Describe the relationship between encodings and Unicode encoding schemes

hsivonen · annevk · commit 6f9a41f3d9db · 2018-08-23T15:57:39.000+02:00
diff --git a/encoding.bs b/encoding.bs
@@ -135,6 +135,16 @@ a <a>byte</a> sequence (and vice versa). Each <a for=/>encoding</a> has a
 <dfn id=name export for=encoding>name</dfn>, and one or more
 <dfn id=label export for=encoding lt=label>labels</dfn>.
 
+<p class="note no-backref">This specification defines three <a>encodings</a> with the same names as
+<i>encoding schemes</i> defined in the Unicode standard: <a>UTF-8</a>, <a>UTF-16LE</a>, and
+<a>UTF-16BE</a>. The <a>encodings</a> differ from the <i>encoding schemes</i> by byte order mark
+(also known as BOM) handling not being part of the <a>encodings</a> themselves and instead being
+part of wrapper algorithms in this specification, whereas byte order mark handling is part of the
+definition of the <i>encoding schemes</i> in the Unicode Standard. <a>UTF-8</a> used together with
+the <a>UTF-8 decode</a> algorithm matches the <i>encoding scheme</i> of the same name.
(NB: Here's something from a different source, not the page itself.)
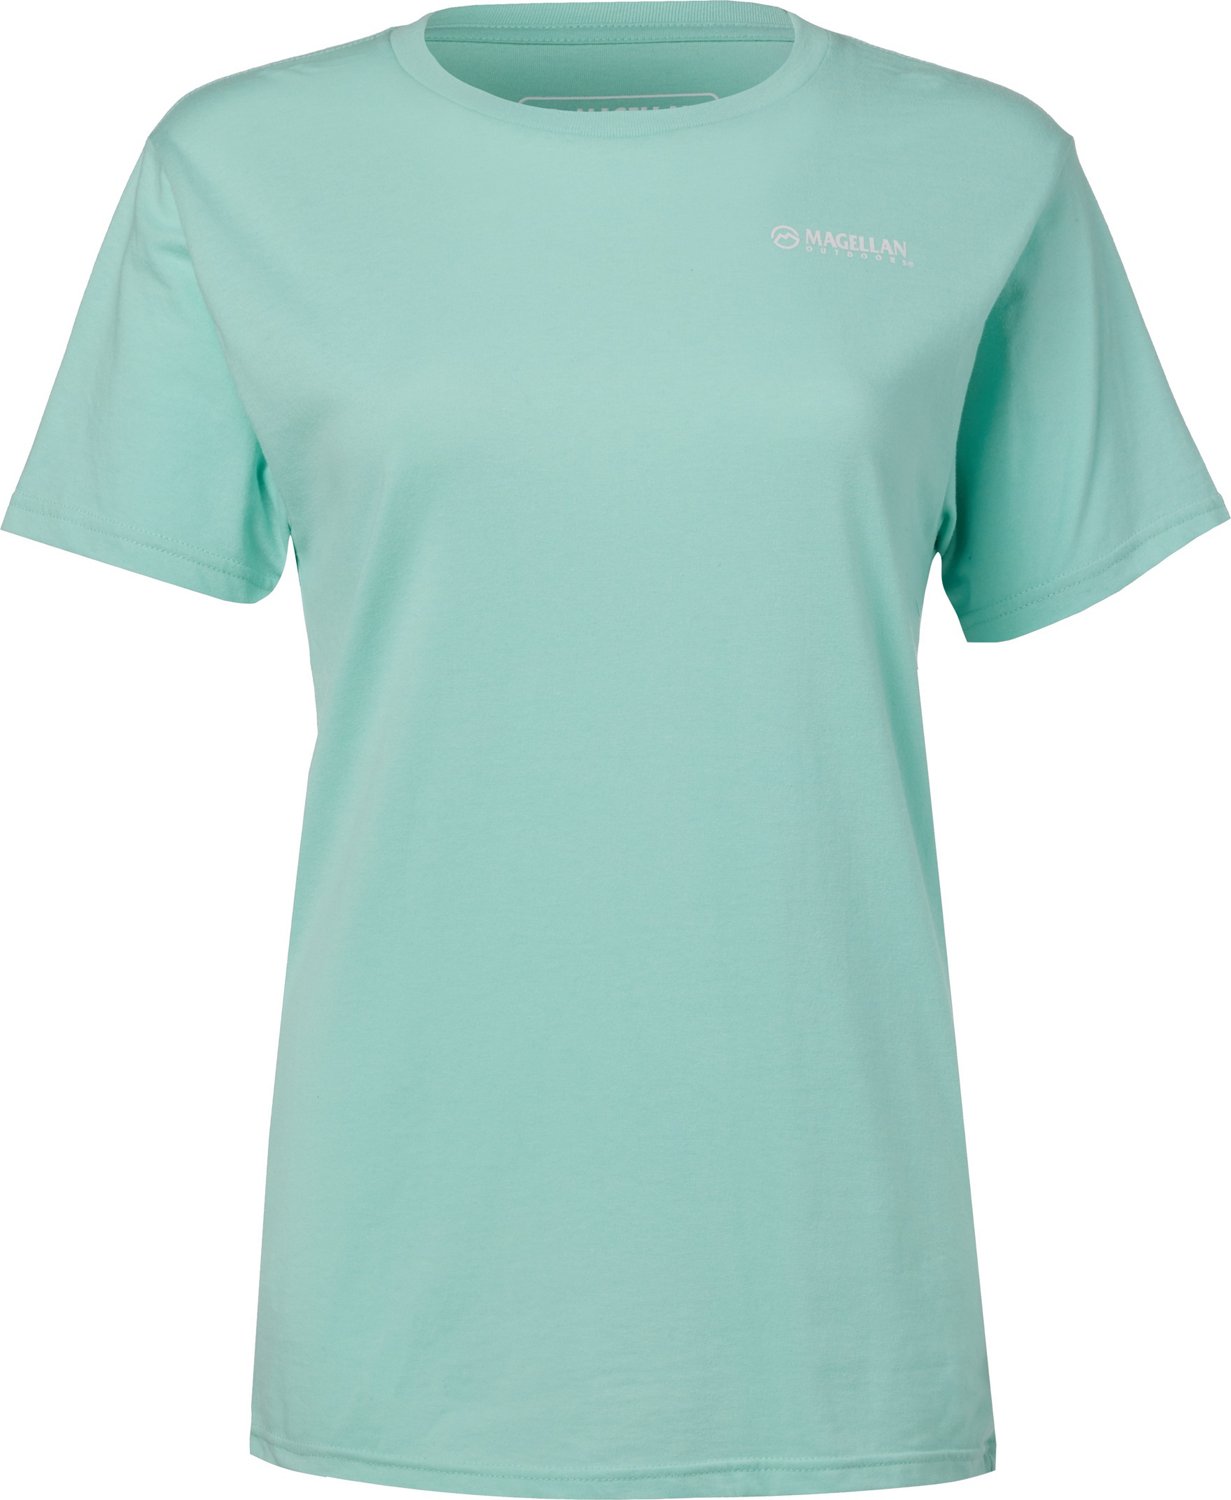 Magellan Outdoors Women's Southern Beach T-shirt                                                                                 - view number 2

This
+specification does not provide wrapper algorithms that would combine with <a>UTF-16LE</a> and
+<a>UTF-16BE</a> to match the similarly-named <i>encoding schemes</i>. [[UNICODE]]
+
 
 <h3 id=encoders-and-decoders>Encoders and decoders</h3>
 
@@ -865,9 +875,9 @@ fallback encoding <var>encoding</var>, run these steps:
    <tr><td>0xFF 0xFE<td><a>UTF-16LE</a>
   </table>
 
-  <p class=note>For compatibility with deployed content, the byte order mark (also known as BOM) is
-  more authoritative than anything else. In a context where HTTP is used this is in violation of the
-  semantics of the `<code>Content-Type</code>` header.
+  <p class=note>For compatibility with deployed content, the byte order mark is more authoritative
+  than anything else. In a context where HTTP is used this is in violation of the semantics of the
+  `<code>Content-Type</code>` header.
 
  <li><p>If <var>BOM seen flag</var> is unset,
  <a>prepend</a> <var>buffer</var> to <var>stream</var>.
@@ -1312,6 +1322,10 @@ must run these steps:
 
 <h4 id=utf-8-decoder dfn export>UTF-8 decoder</h4>
 
+<p class="note no-backref">A byte order mark has priority over a <a>label</a> as it has been found
+to be more accurate in deployed content. Therefore it is not part of the <a>UTF-8 decoder</a>
+algorithm but rather the <a>decode</a> and <a>UTF-8 decode</a> algorithms.
+
 <p><a>UTF-8</a>'s <a for=/>decoder</a>'s has an associated
 <dfn>UTF-8 code point</dfn>, <dfn>UTF-8 bytes seen</dfn>, and
 <dfn>UTF-8 bytes needed</dfn> (all initially 0), a <dfn>UTF-8 lower boundary</dfn>